Geht das Jahr 2022 als annus horribile in die europäische Geschichte ein? Krieg in der Ukraine, Inflation, Energieknappheit und dann am Ende des Jahres noch ein handfester Korruptionsskandal, in dessen Mittelpunkt die griechische Sozialdemokratin Eva Kaili, Vizepräsidentin des Parlaments, steht. 2022, das nach Corona wieder die Leichtigkeit des Lebens zurückbringen sollte, war für mich in der Tat ein annus horribile.
Der brutale russische Angriff auf die Ukraine hat uns Europäerinnen und Europäer sowie viele Menschen in der Welt in diesem Jahr zutiefst erschüttert. Krieg mitten in Europa nach 70 Jahren Frieden und Freiheit macht fassungslos. Bis heute schockieren uns die Bilder von den Gräueltaten russischer Soldaten, dem sinnlosen Töten, Morden und Zerstören. Dankbar bin ich für die große Solidarität und Hilfsbereitschaft vieler Menschen gegenüber den Ukrainerinnen und Ukrainern, die vor dem Krieg zu uns geflohen sind.
Bis heute stehen die Europäer geschlossen solidarisch an der Seite der Ukraine. Wir haben als Europäer mit Wirtschaftssanktionen ungeahnten Ausmaßes auf den russischen Angriffskrieg reagiert. Wir haben Mittel für die Ukraine, auch zum Kauf von Waffen, bereitgestellt und der Ukraine eine EU-Beitrittsperspektive eröffnet.
Die Auswirkungen des Ukraine-Krieges treffen auch uns in Bayern unmittelbar: Jeder Haushalt und jedes Unternehmen ist durch die horrenden Energiepreise betroffen. Die Achillesferse der EU ist die Energieversorgung. Was haben wir in Europa unternommen, um die Preise in den Griff zu bekommen? Wir haben die Mitgliedstaaten gezwungen, ihre Gasspeicher zu füllen. Die EU bietet an, gemeinsam am Weltmarkt Gas einzukaufen, um bessere Konditionen zu bekommen. Wir arbeiten an neuen Referenzwerten für die Festsetzung des Strom- und Gaspreises.
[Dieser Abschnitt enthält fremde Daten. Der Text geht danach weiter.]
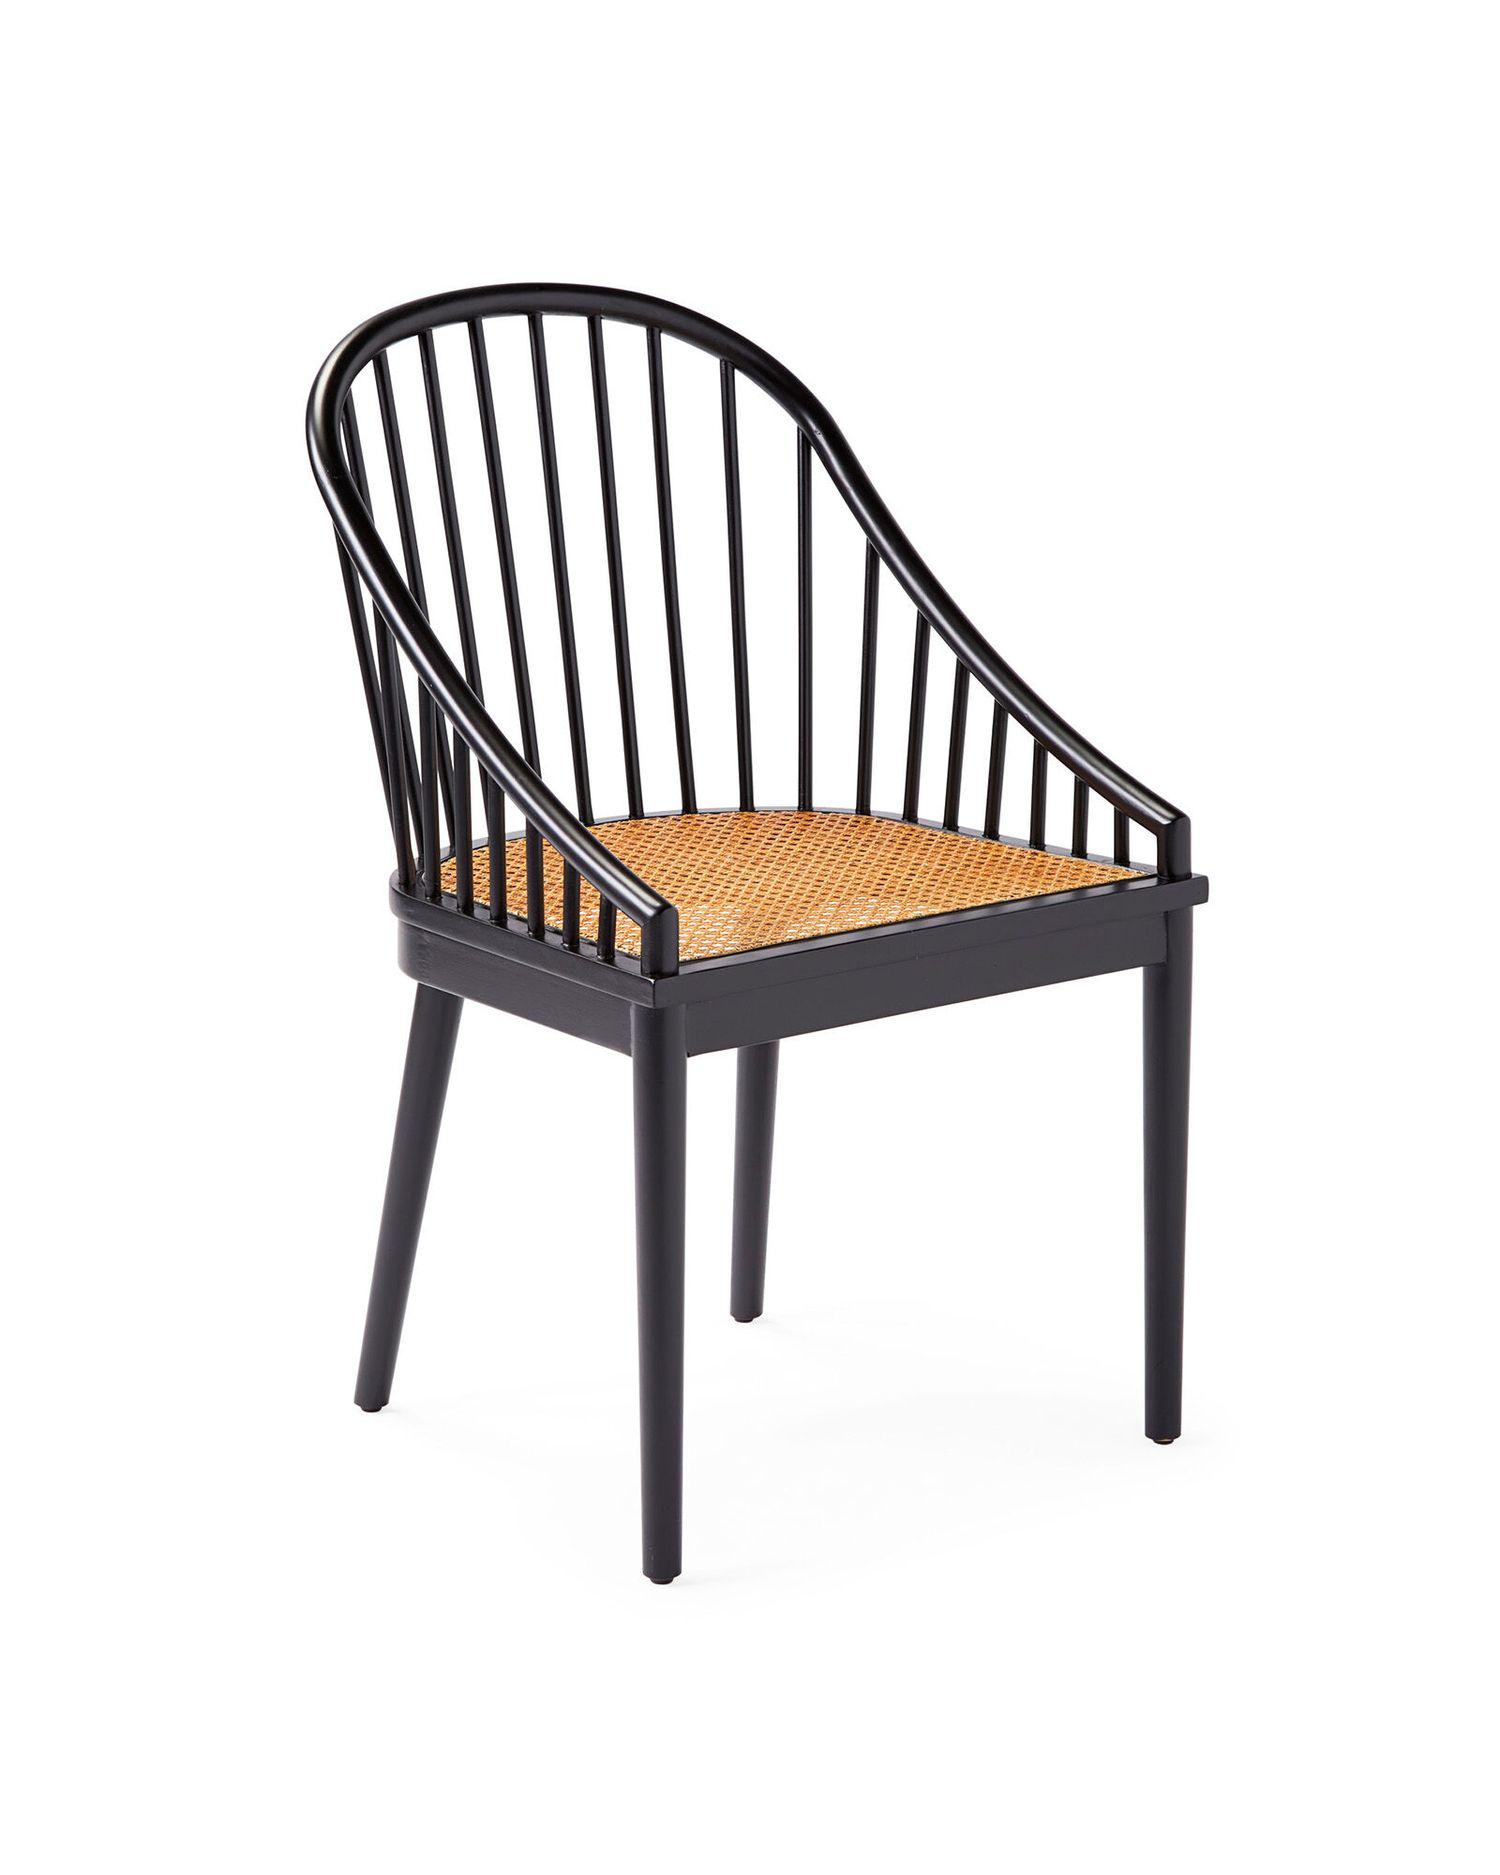 Shop Millbrook Dining Chair from Serena & Lily on Openhaus

Gemeinsam mit meinen Kolleginnen und Kollegen in der CSU-Europagruppe habe ich auch mit Nachdruck ein Belastungsmoratorium für unsere Betriebe gefordert. Neue legislative Vorschläge dürfen keine neuen Belastungen für unsere Betriebe vorsehen. Wichtig ist zudem, aus dem Angriffskrieg auch langfristig die richtigen Schlüsse zu ziehen. Europa braucht endlich eine gemeinsame Außenpolitik, die diesen Namen verdient. Wir müssen insoweit von der Einstimmigkeit zu Mehrheitsentscheidungen bei den Mitgliedstaaten kommen. Ein „Weiter so“ darf es nicht geben. Auch die militärische Zusammenarbeit innerhalb der Union und der NATO muss gestärkt werden. Außerdem müssen wir uns unabhängiger machen. Dies betrifft nicht nur Rohstoffe wie Gas, Öl und Kohle aus Russland, sondern beispielsweise auch Hochtechnologiegüter wie Computer-Chips.
Im vergangenen Jahr haben wir die Wirtschaft in der EU mit vielen Klima-Maßnahmen auf Nachhaltigkeit ausgerichtet. Bei den Beratungen über die den sog. Green Deal war mir wichtig, dass wir bei der Umsetzung der ambitionierten Klimaziele auf marktwirtschaftliche Lösungen und Technologieneutralität setzen. Deshalb habe ich auch gegen das Aus für den Verbrennungsmotor gestimmt, den Grüne, Linke, Sozialdemokraten und große Teile der europäischen Liberalen letztlich gegen die Stimmen von uns in der EVP-Fraktion durchgesetzt haben.
Auch im digitalen Bereich haben wir die Europäische Union vorangebracht. Mit neuen europäischen Regulierungen werden Verbraucherinnen und Verbraucher mehr Wahlfreiheit bekommen, Plattform-Betreiber stärker in die Pflicht genommen und mit dem sog. Data Governance Act wird die Datennutzung und das Datenteilen erleichtert. Zudem gibt es künftig ein einheitliches Ladekabel.